Measurable disease by RECIST criteria defined as ≥ 1 unidimensionally measurable lesion ≥ 20 mm by conventional techniques (i.e., physical examination, CT scan, MRI, or x-ray) or ≥ 10 mm by spiral CT scan
- No prior radiotherapy unless growth has been documented following radiotherapy
Primary tumor or metastatic tumor HER2-negative, defined as the following:
- Immunohistochemistry of 0 or 1+ OR the equivalent, if an automated quantitative assay is used
- HER2 fluorescent in situ hybridization (FISH) assay negative as defined by a HER2:chromosome 17 centromeric probe ratio < 1.8 (or < 2.2 if immunohistochemistry is less than 3+ or equivalent) OR equivalent values for negative FISH assays that do not normalize to chromosome 17
- Hormone-receptor positive (estrogen receptor-[ER] or progesterone receptor [PgR]-positive) disease or hormone receptor-negative (ER- or PgR-negative) disease
- Tumor block from initial breast cancer primary or a biopsy of a metastatic site must be available for correlative studies
- Brain metastases allowed provided the patient is stable after completion of treatment (i.e., surgery and/or radiotherapy), asymptomatic, and off steroids with 2 consecutive stable brain scans at least 4 weeks after radiotherapy
Exclusion criteria:
- Bone-only or other nonmeasurable-only disease
- Newly diagnosed brain metastases
PATIENT CHARACTERISTICS:
Inclusion criteria:
- ECOG performance status 0-1
- Life expectancy > 6 months
- Menopausal status not specified
- WBC ≥ 3,000/mcL
- Absolute neutrophil count ≥ 1,500/mcL
- Platelets ≥ 100,000/mcL
- Total bilirubin < 1.5 times upper limit of normal (ULN)

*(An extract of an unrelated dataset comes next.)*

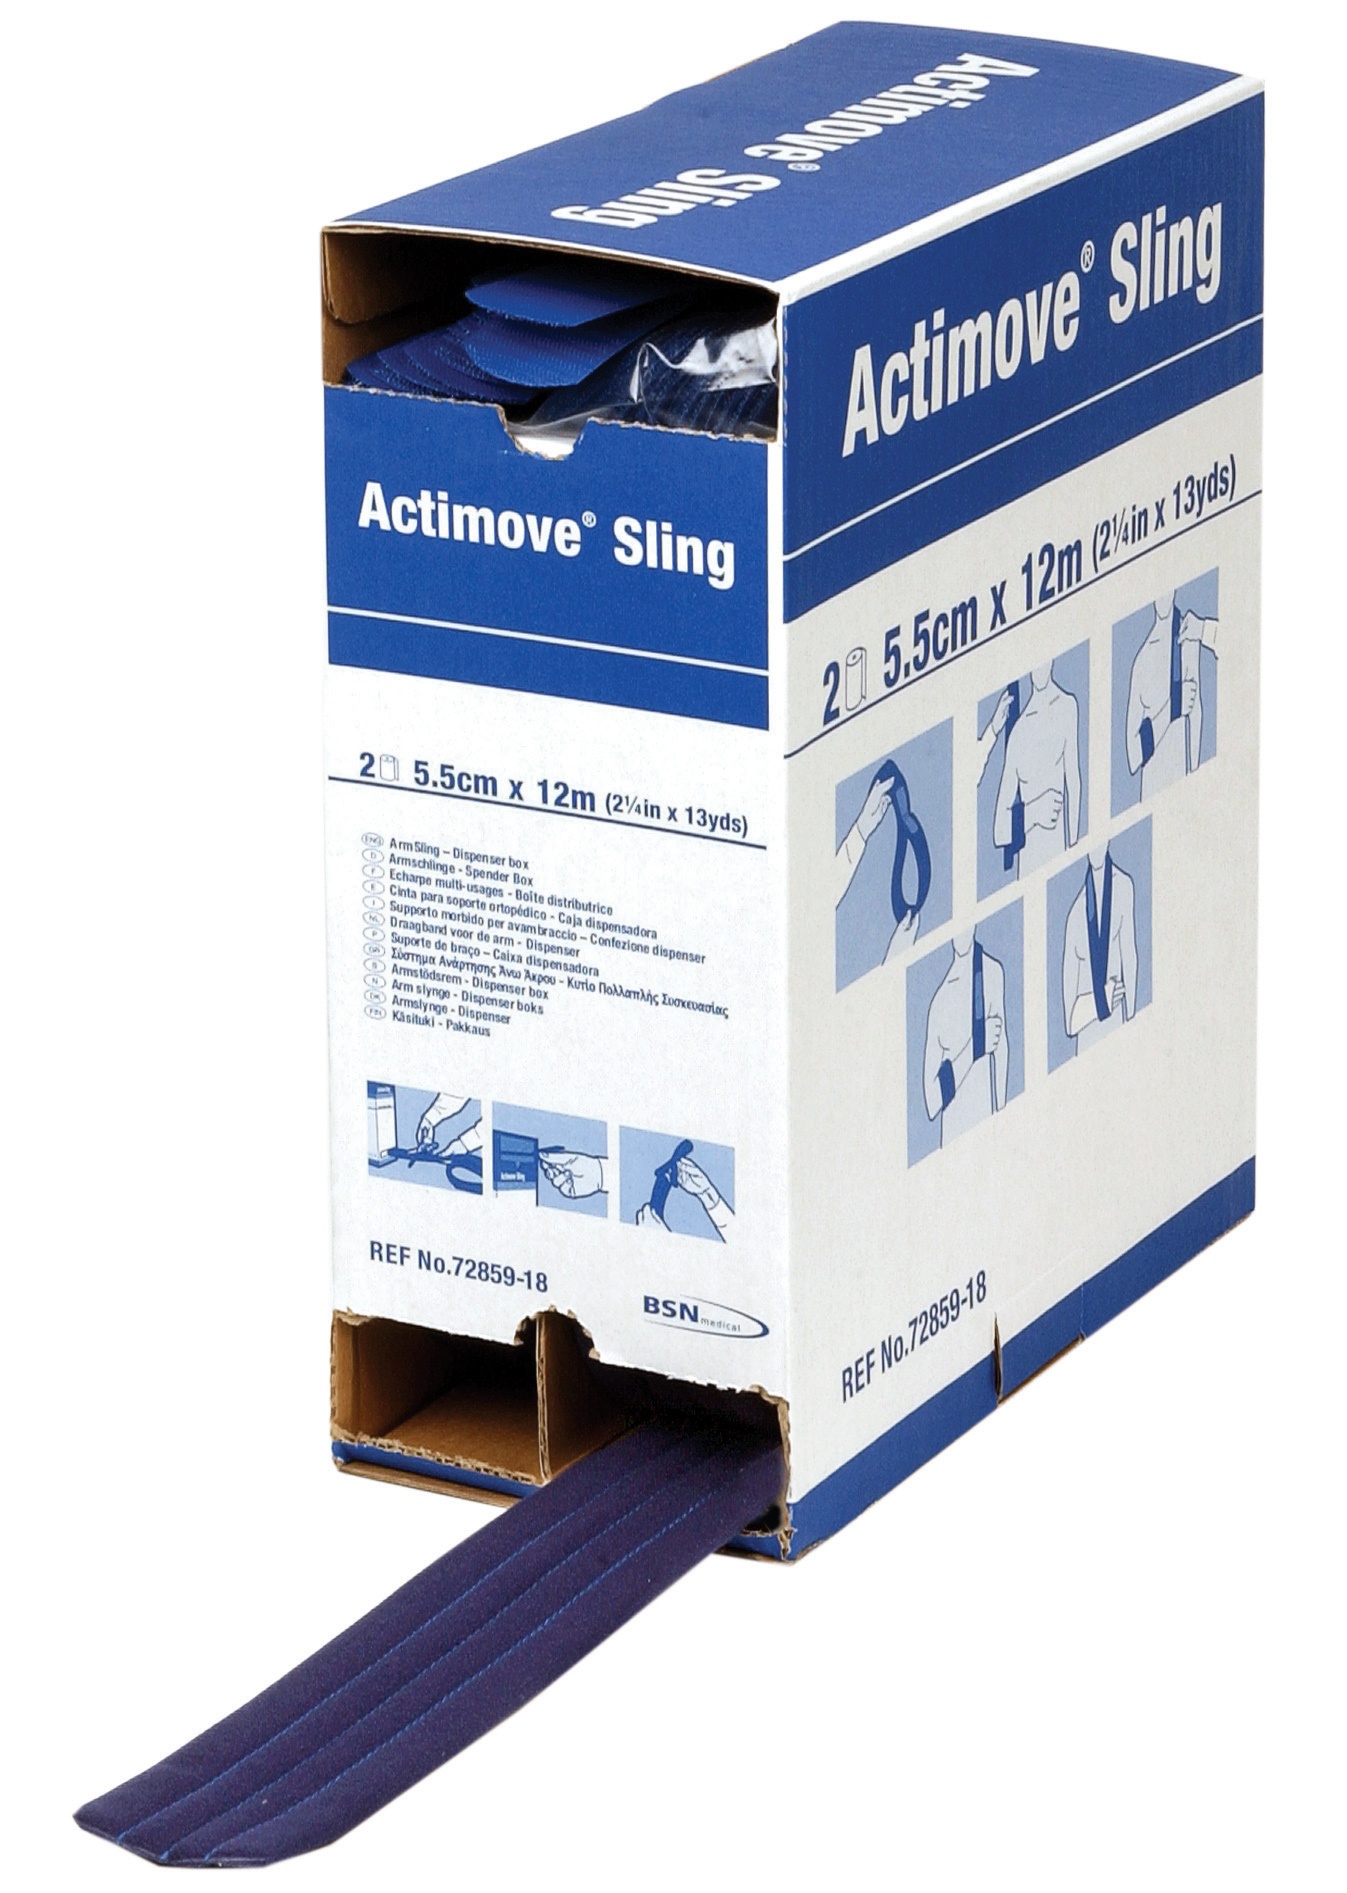 Actimove Sling Collar and Cuff Support 12m roll Bx2

- AST and ALT transaminases ≤ 2.5 times ULN (< 5 times ULN if liver involvement)
- Creatinine < 1.5 times ULN OR creatinine clearance > 60 mL/min
- INR < 1.5 OR PT/PTT normal
- Not pregnant or nursing
- Negative pregnancy test
- Fertile patients must use effective contraception prior to and during (women and men) and for at least 3 months after (men) study therapy
- Able to swallow and absorb oral medications
Exclusion criteria:
Active or uncontrolled medical illness (e.g., active infection > CTCAE grade 2), including any of the following:
- HIV or chronic hepatitis B or C
- Uncontrolled diabetes
- NYHA class II-IV uncompensated congestive heart failure
- Unstable angina (anginal symptoms at rest)

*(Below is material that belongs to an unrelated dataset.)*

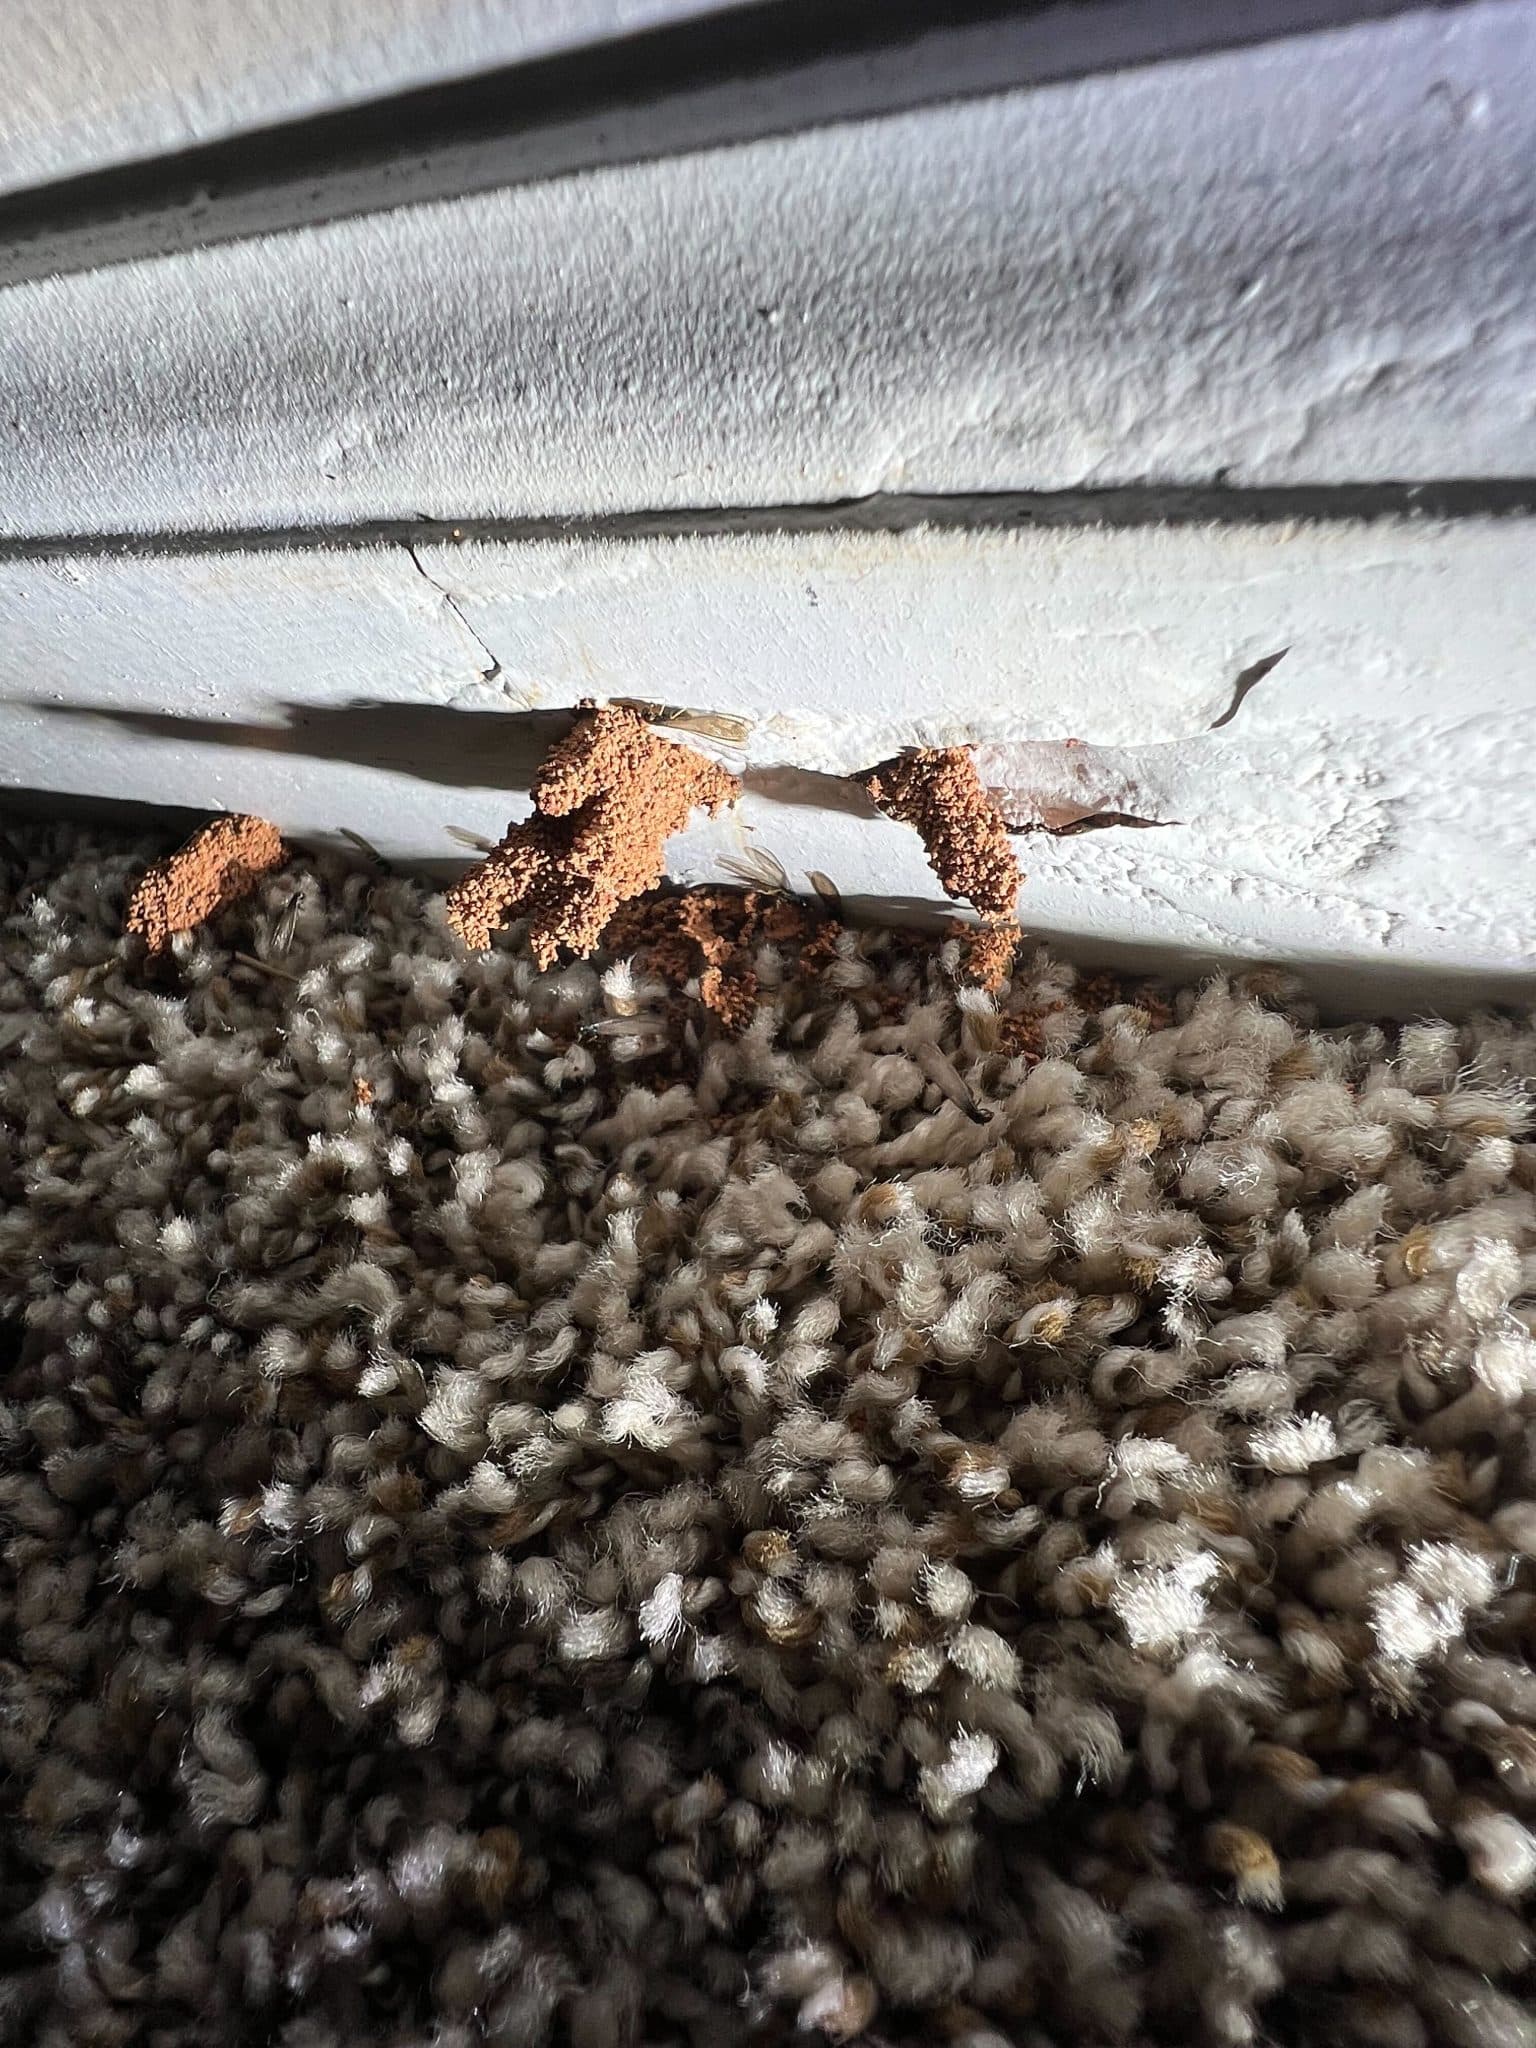 Termite tubes coming out of wall

- New onset angina (i.e., began within the past 3 months)
- Coronary artery disease
- Myocardial infarction within the past 6 months
- Cardiac ventricular arrhythmias requiring anti-arrhythmic therapy
- Evidence of bleeding diathesis or coagulopathy
- Pulmonary hemorrhage/bleeding event > CTCAE grade 2 within 4 weeks of first dose of study drug
- Any other hemorrhage/bleeding event > CTCAE grade 3 within 4 weeks of first study drug
- Thrombotic or embolic events (i.e., cerebrovascular accident), including transient ischemic attacks within the past 6 months
- Hypertension that cannot be controlled with medication to ≤ 150/90 mm Hg
- History of allergic reactions attributed to compounds of similar chemical or biologic composition to sorafenib tosylate
- Prior invasive cancer other than breast cancer except nonmelanoma skin cancer
- Chronic nonhealing wound or ulcer
PRIOR CONCURRENT THERAPY:
- No more than 1 prior chemotherapy regimen for metastatic breast cancer (MBC)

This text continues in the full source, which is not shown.